Climate change, new market trends, and technologies' progress nowadays strongly affect the wine industry. Over recent decades, the average alcohol content of table wines has increased by about 2% (v/v), due to the high sugar content of the grapes currently used in the most wine‐growing regions (Goold et al., 2017). A wide range of factors significantly affects sugar accumulation in the grape such as warm climate conditions combined with the lengthy maturation periods used to satisfy the consumer demand for rich and ripe fruit flavor in the wine. The high alcohol content in wine has several negative consequences. One of the major issues of higher alcohol content in wines is its effect on the sensory properties, which increases the perception of the heat and alters the perception of wine aroma complexity (Goldner, Zamora, Di Leo Lira, Gianninoto, & Bandoni, 2009). Also, excessive alcohol intake through the consumption of wines with higher ethanol levels is often associated with undesirable implications on human health. Furthermore, higher alcohol in wine may increase costs in countries where taxes are levied according to alcohol concentration. Thus, the combination of quality, health, and economic issues associated with high‐alcohol wines has created significant interest in the development of technologies for the production of reduced ethanol wines.
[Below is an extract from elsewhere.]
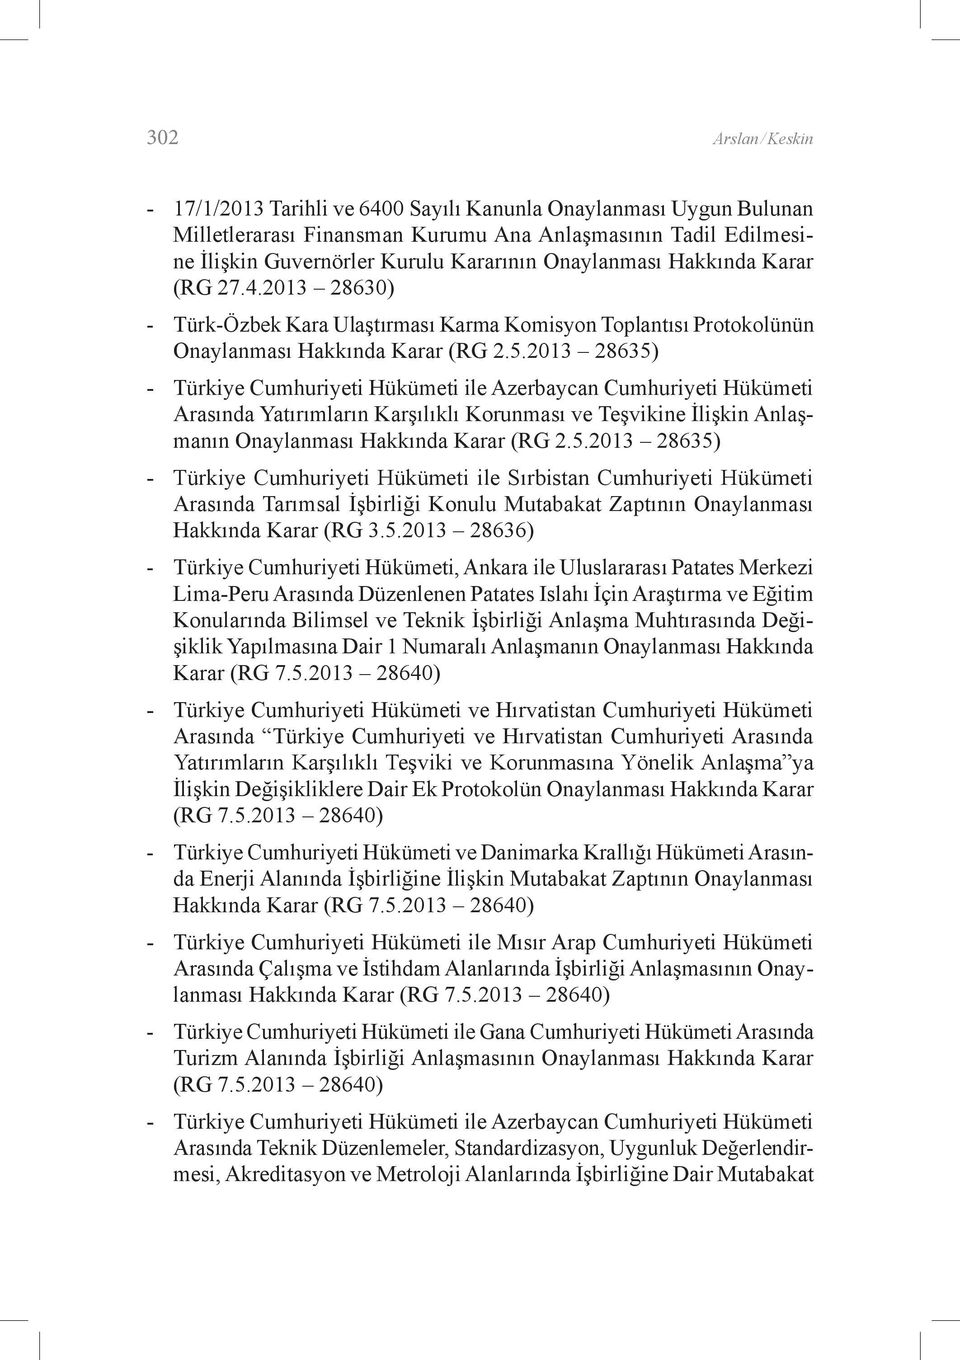 2013 28635) - Türkiye Cumhuriyeti Hükümeti ile Azerbaycan Cumhuriyeti Hükümeti Arasında Yatırımların Karşılıklı Korunması ve Teşvikine İlişkin Anlaşmanın Onaylanması Hakkında Karar (RG 2.5.2013 28635) - Türkiye Cumhuriyeti Hükümeti ile Sırbistan Cumhuriyeti Hükümeti Arasında Tarımsal İşbirliği Konulu Mutabakat Zaptının Onaylanması Hakkında Karar (RG 3.

Different approaches to reduce alcohol levels in wines have been proposed at all stages of the winemaking process. These mainly fit into four basic groups as viticultural, prefermentation, fermentation, and postfermentation strategies (Varela et al., 2015). Viticulture strategies, as promising but long‐term techniques, are based on the selection of new grape varieties with low sugar accumulation, viticultural practices adapted to unripe grapes, and different agronomical methods (Olego et al., 2016). On the other hand, postfermentation strategies such as reverse osmosis, nanofiltration, and distillation represent a short‐term perspective dependent on the current EU and OIV regulations. Moreover, these procedures may increase production costs and also can compromise the wine organoleptic quality due to the elimination of volatile compounds (Schmidtke, Blackman, & Agboola, 2012). Considering possible approaches, the application of yeast strains characterized by lower sugar‐to‐ethanol transformation rates has been imposed as an attractive way to deal with the problem of high‐alcohol wines (Kutyna, Varela, Henschke, Chambers, & Stanley, 2010). Lower ethanol‐producing yeast strains could be isolated and characterized from spontaneous wine alcoholic fermentations or obtained through the application of adaptive evolution (development of the low‐alcohol variants of existing Saccharomyces cerevisiae strains) and genetic modification techniques (GMO approaches) (Ozturk & Anli, 2014; Varela et al., 2015). Due to poor consumer acceptance of GMO foods and beverages, there is a need to investigate and develop the non‐GMO approaches for the generation of wine yeasts that produce less ethanol (Kutyna et al., 2010).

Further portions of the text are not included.